When a file system's data or metadata becomes scrambled, data corruption ensues. To correct a data corruption problem typically means restoring from a tape backup (you do this regularly, right?). The problem here is that since the backup frequency is low in relation to transaction rate, the time it takes to recover from data corruption is often measured in days rather than the small number of minutes or seconds you expected from deploying a high-availability cluster.

The above concepts about requiring cluster members to synchronize their access to file system data to protect against data corruption also apply to databases. Most database implementations do not allow multiple cluster members to concurrently serve the same underlying disk data. Notable exceptions to this include Oracle Parallel Server (currently being ported to Linux) and Informix Extended Parallel Server.
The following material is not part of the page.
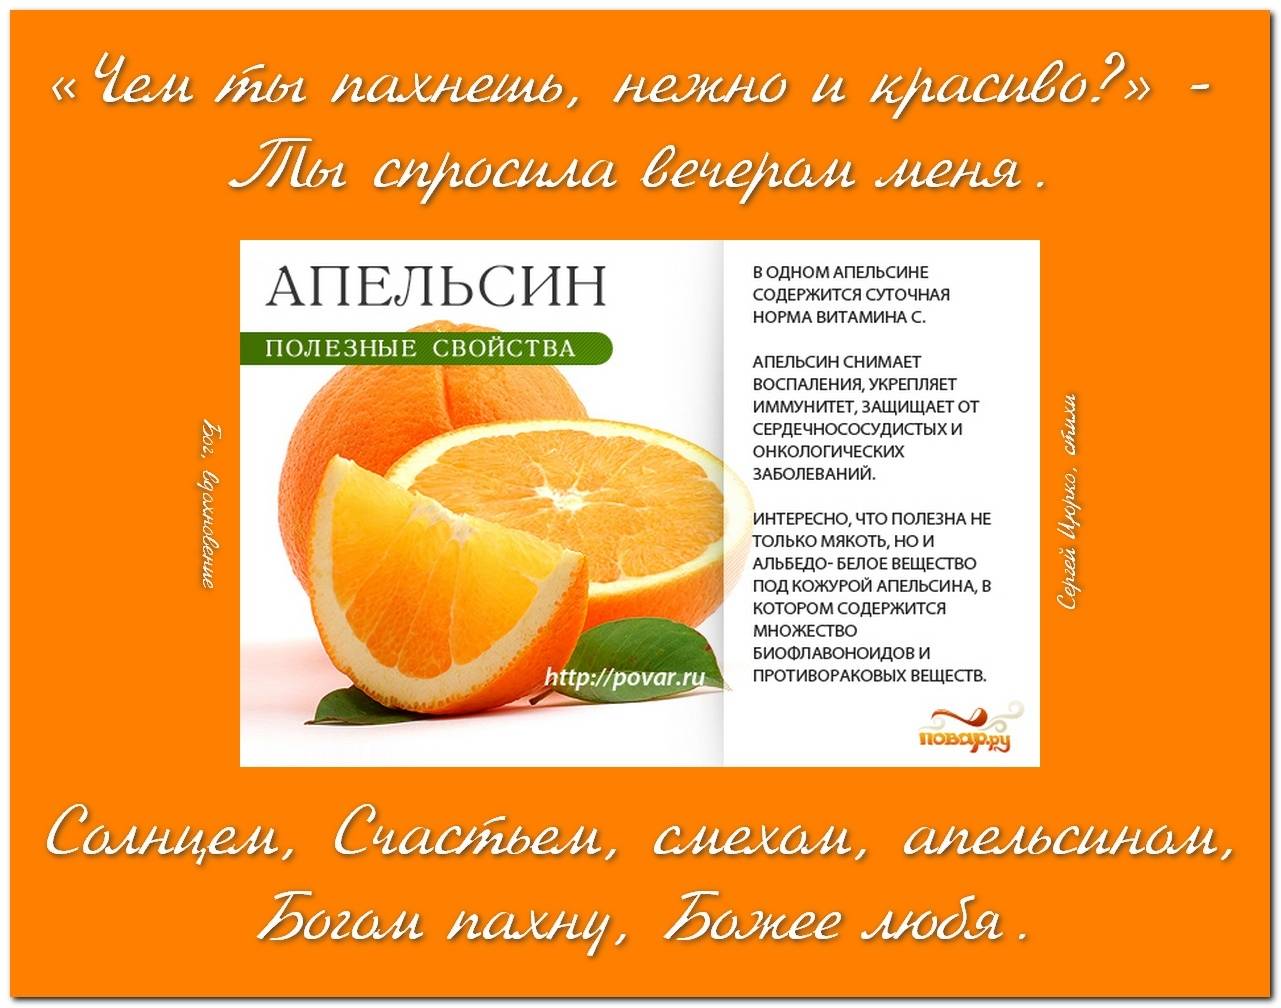 Мандарин витамины содержит. Апельсин польза. Полезные свойства апельсина. Что полезно в апельсине. Полезные витамины в апельсине.

The upshot of all this is that the cluster implementation you choose must ensure that an individual file system or database can only be served by a single cluster member at any point in time—pretty simple, if you can find a cluster product that does this in all cases. Now, let us proceed to how this holds up under the four scenarios mentioned earlier.



Comment viewing options

Select your preferred way to display the comments and click "Save settings" to activate your changes.

High-availability clusters

Emil Koutanov's picture

The problem with using Linux-based (or an OS-specific) clustering software is that you'll always be tied to the operating system.

The folks at Obsidian Dynamics have built a Java-based application-level clustering solution that isn't tied to the operating system.

I think this is the way forward, particularly seeing that many organisations are running a mixed bag of Windows and Linux servers - being able to cluster Windows and Linux machines together can be a real advantage. It also makes installation and configuration easier, since you're not supporting a dozen different operating systems and hardware configurations.

The other neat thing about Gridlock is that it doesn't use quorum and doesn't rely on NIC bonding/teaming to achieve multipath configurations - instead it combines redundant networks at the application level, which means it works on any network card and doesn't require specialised switchgear.

Re: High Availability Cluster Checklist

Anonymous's picture

http://www.gfs.lcse.umn.edu/ doesn't work.
Same as that tricodr.com in comments

Re: High Availability Cluster Checklist

Anonymous's picture

For a real clustered file system with FT and Failover

checkout www.tricord.com! Illumina an Lunar Flare familly.

It's highly scalable and offers great performance.